Talk on Friday 01:45-02:00pm submitted by Xiwen Jia
A study of non-templated polymerization for understanding the emergence of RNA from prebiotic mixtures
Xiwen Jia (Department of Chemistry and Chemical Biology, Harvard University), Stephanie J. Zhang (Department of Chemistry and Chemical Biology, Harvard University), Lijun Zhou (Department of Molecular Biology and Center for Computational and Integrative Biology, Massachusetts General Hospital), Jack W. Szostak (Department of Chemistry and Chemical Biology, Harvard University; Department of Molecular Biology and Center for Computational and Integrative Biology, Massachusetts General Hospital; HHMI)
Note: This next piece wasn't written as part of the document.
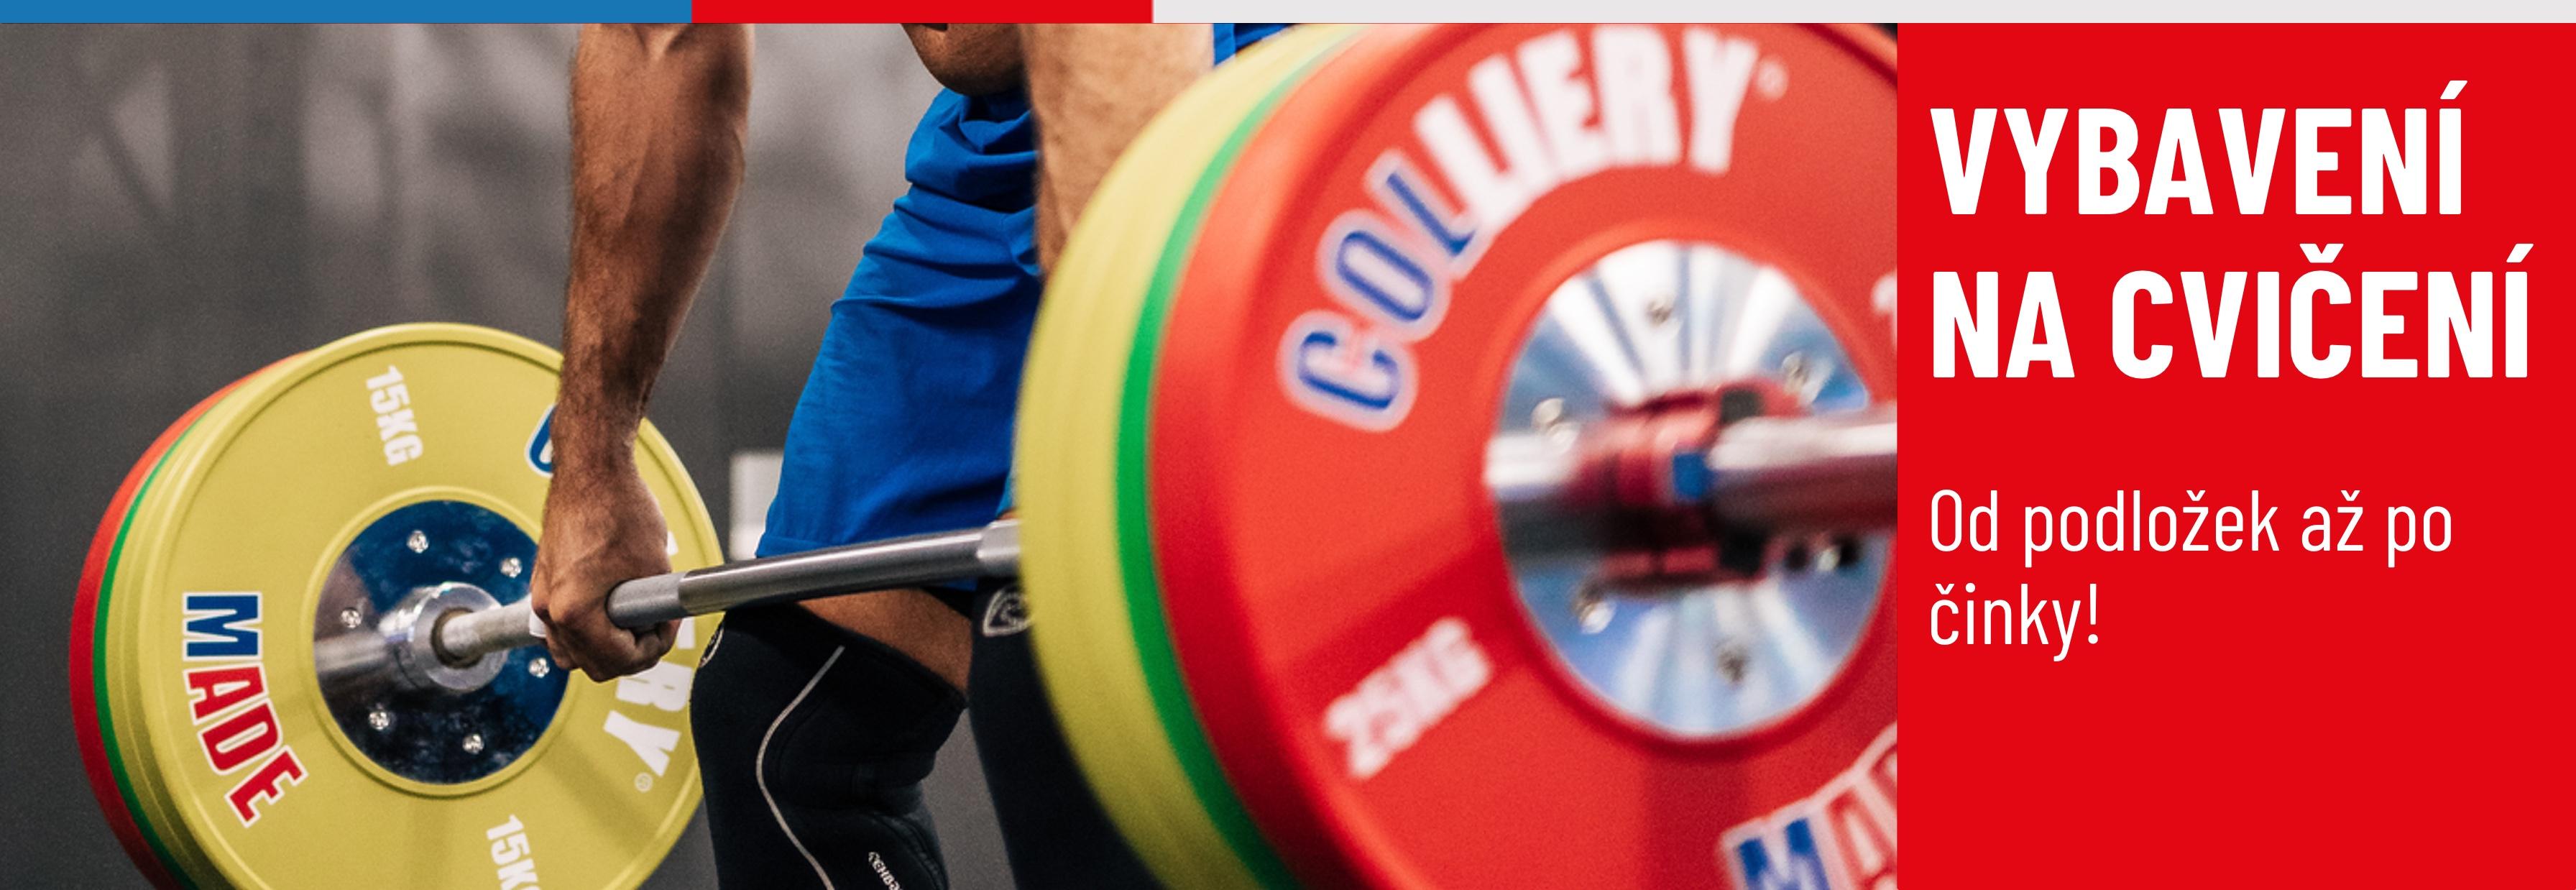 Vybavení na cvičení, činky, ktb, podložky, gymtimer a mnohem více!

Prebiotically plausible synthesis of ribonucleotides (RNA) shares similar reaction pathway as arabino- (ANA) and threo-nucleotides (TNA). We investigated the non-templated primer extension using a mixture of activated ribo-, arabino- and threo-nucleotides in the light of understanding the process of emergence of RNA from prebiotic mixtures. We found that the mechanism of non-templated primer extension occurs primarily through bridged dinucleotides. In non-templated primer extension with pre-activated monomers, RNA and ANA shares similar extension profile including rate and yield, while TNA barely has any extension. For competition experiments, we used a prebiotically plausible spontaneous air dry process to speed up non-templated primer extension. We observed that TNA is slightly filtered out whereas ANA has similar incorporation compared to RNA depending on the initial abundance of nucleotides. We concluded that the selection bias based on identities of nucleotides in the non-templated polymerization is close to non-existent. However, the later templated copying step exerts strong incorporation preference towards ribonucleotides, thus generating mostly RNA oligomers.